There is a lot of cheese in France. Incredibly lots of very good cheese, so to pick five standard-bearers is next to hopeless and not possible without doing injustice to some. These are cheeses that are both excellent and famous “osteperler”, but no hidden gems, and they are all on my list of personal favourites. However, there are others as well on my personal list. But these five cheeses below are some that you probably both know and have tasted. If not, it is high time you try them out.
A surprise to find Beaufort on the list and not Comté? Comté is probably more famous, and if you are served cheese in France I am pretty sure Comté is one of the cheeses you are served. Comté is by far the most popular cheese in France, any style. But in my opinion Beaufort from Savoie is better and more exclusive. Fantastically tight texture, slightly crystallised. Moderately sweet and fine, nutty taste. Aroma of grass and herbs, especially the summer and mountain editions. Fascinating as well, that one cheese, weighing about 45 kilos, requires the day production of milk from 45 cows. Easy production planning at least, 45 cows give one cheese a day, 90 cows give two. From raw milk of course and quite available, at least from cheese mongers. Matured for a minimum of five months, but oftentimes longer. The last one I tasted was a Chalet d’alpage matured for 24 months. Almost indescribable. A Vin Jaune from Savoie is a fine paring. Is has a touch of flor to it.

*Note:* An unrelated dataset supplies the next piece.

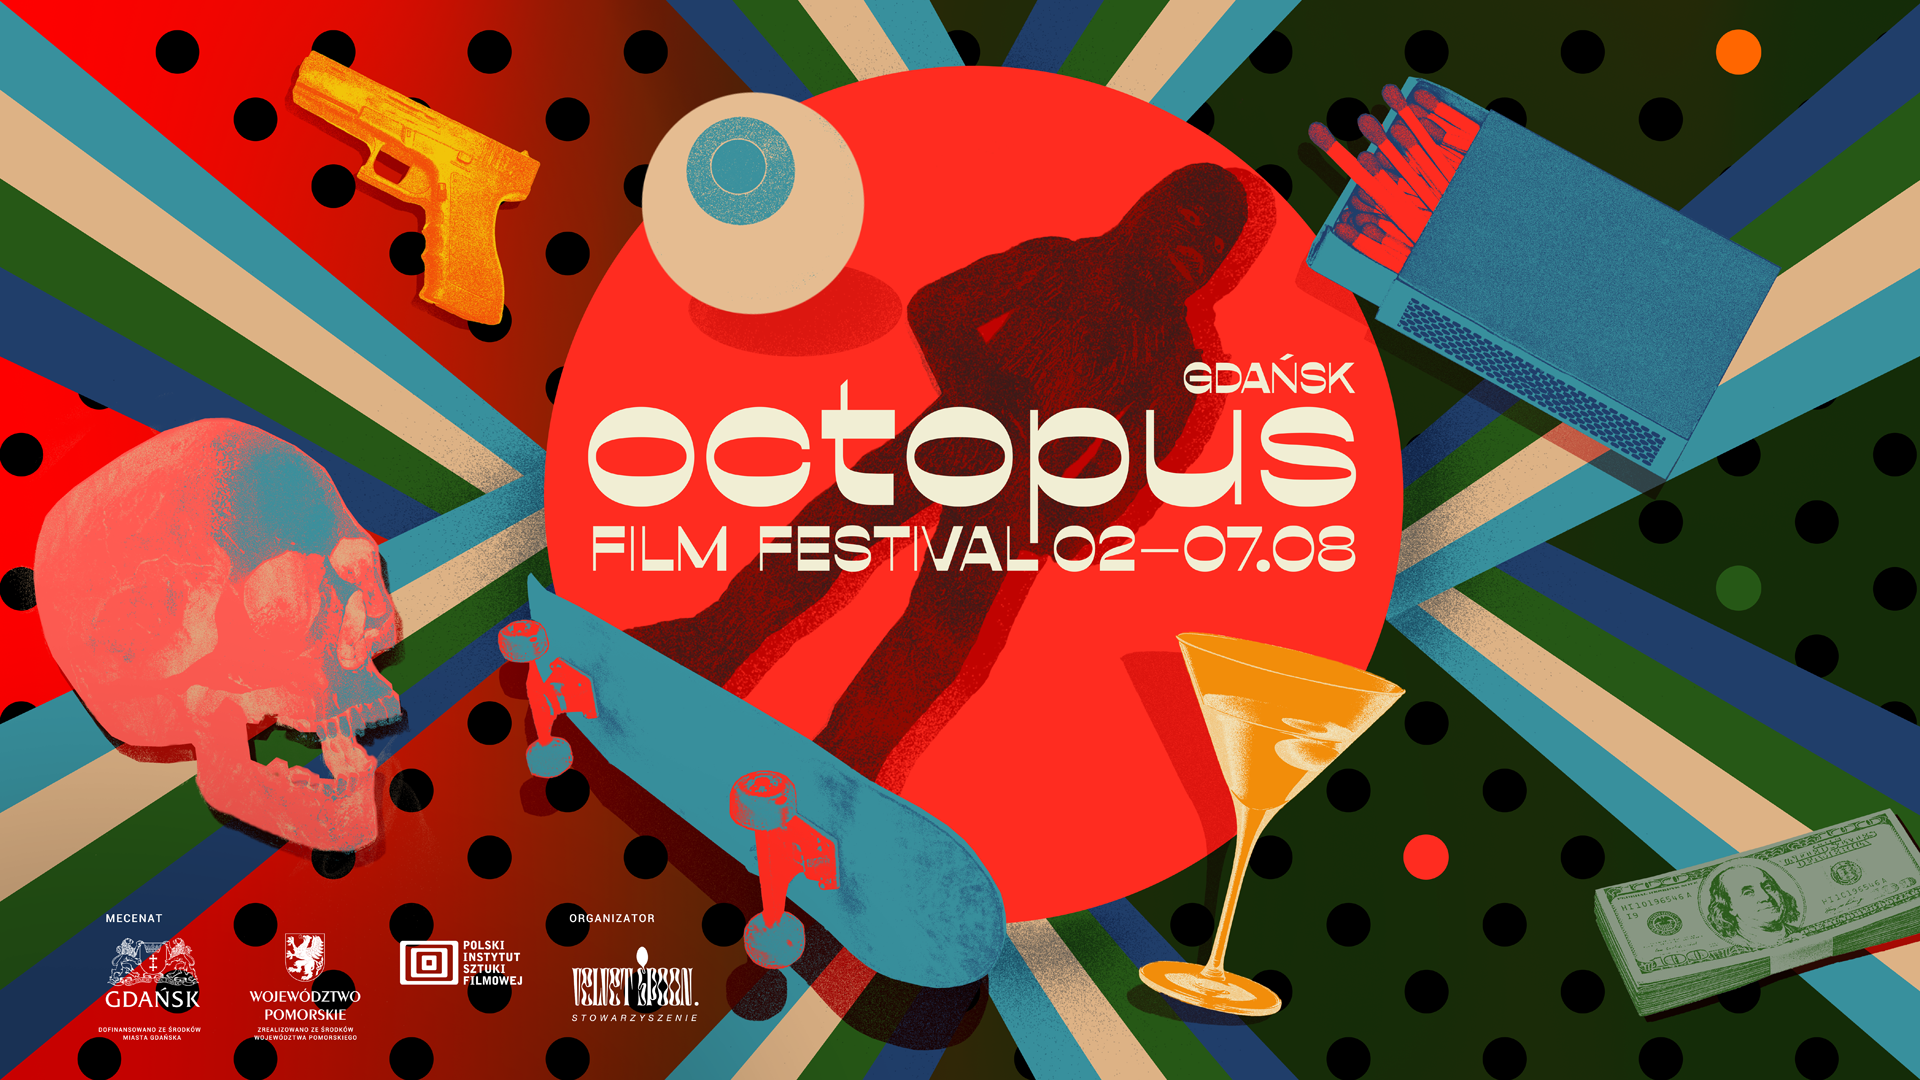 Octopus Film Festival Plakat

Epoisses. For the connoisseur, this one. From Burgundy. Stinky and sticky as the Brits would say. Very typical for soft or semi soft washed rind cheeses. Munster is an other one, from Alsace. But now it’s all about Epoisses.

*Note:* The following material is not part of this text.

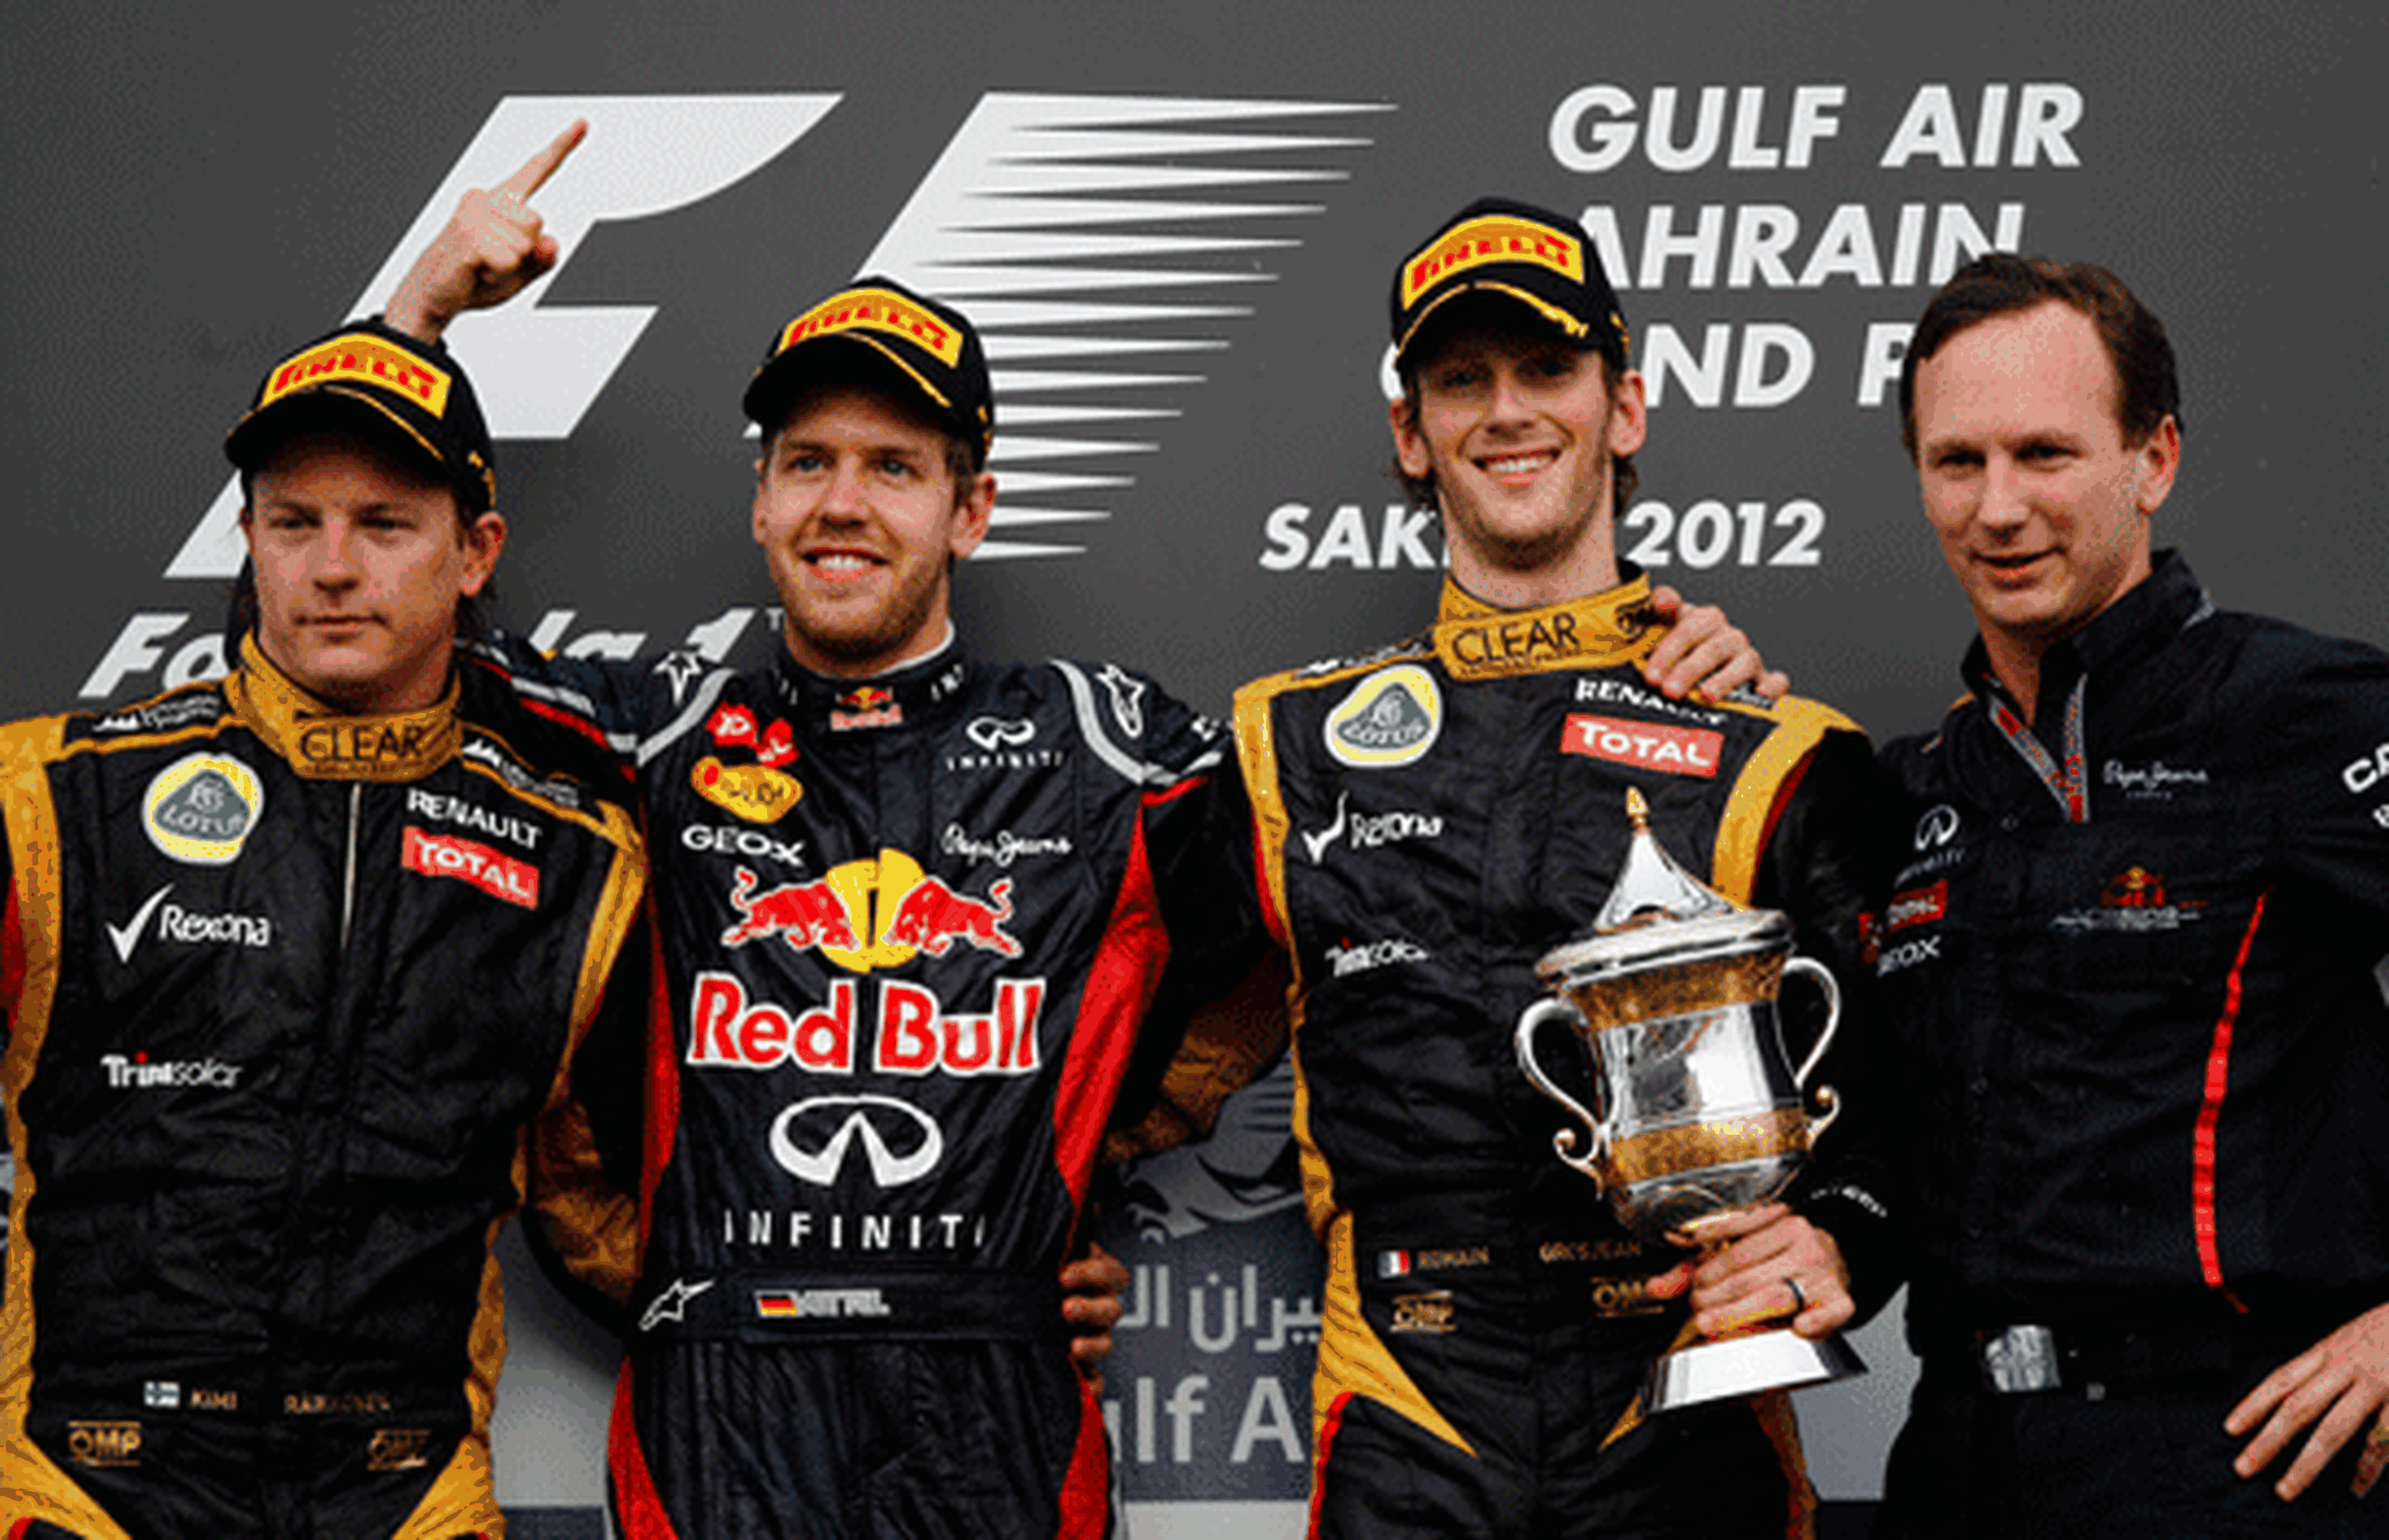 Podio del GP de Bahréin de F1 2012

I always buy the raw milk variety, as this cheese might both be made from raw or pasteurised cow’s milk. Comes in a round wooden container. Epoisses is a fine cheese, washed in brine and Marc de Bourgogne. Smell is opulent, while the flavours are quite mild. Meat is a word that strikes me when I taste it, windfall as well. This is a fine cheese to pair with some northern Burgundy reds.
Crottin de Chavignol
The list has got to include a chèvre, of course. There’s a few to choose from to say it the least. This one is from the Berry province in Loire, perhaps the area mostly associated with chèvre. Like most other chèvre the taste differs a lot from young to matured. Turns drier as it matures. Mostly consumed young while it is moist and with fine acidity and flavour is more delicate. As it matures it develops a touch of blueing on the outside, which is normal. Sancerre with this one, on the balcony at sunset a mild summer evening.
Probably one of the most famous French cheeses, if not the most famous often called the King of (the) Blues. Only raw ewe’s milk. From the Midi-Pyrénées, or Occitanie as it has been for a while.
There are seven producers of Roquefort and my personal favourite is Carles. One of the small producers.
Roquefort is matured for three to nine months in the limestone caves at Mont Combalou in Roquefort-sur-Soulzon. Important to note that it does not have to be made there, only matured. That does not mean it could be made anywhere. The area from which milk can be collected has been narrowed quite a lot as the AOP regulations have been revised. Very salty and savoury. Of fall the blues the Roquefort is the saltiest, in my my opinion at least. Could be the reason a glass of Sauternes pairs so well. Texture is something between soft and crumbly, and at times towards soggy. Melts on your tongue. There is a lot of fine blues out there, but there is something special with Roquefort.
Vacherin du Haut-Doubs
Some other time of year, and it could be an other cheese as my fifth choice. A cult cheese from the French Jura, and Swiss as well, but I prefer the French as it is made from raw cow’s milk.
In popular speech is is called just Mont d’Or irrespective of it being French or Swiss. The correct name of the French variety is Vacherin du Haut-Doubs. The most common size comes in a wooden box. What’s so fantastic with this cheese is if you heat it for a while you have a ready single portion fondue. Into the oven at 180 degrees centigrade for 25 minutes. Voila! Pair it with a white Burgundy or Chardonnay from the Jura where it comes from.
Now you’ve got a small cheese plate. The odd man out regarding wine is the Roquefort, the others can work very well together with one wine, preferable white. So have yourself a glass of Sauternes with the Roquefort. Well deserved.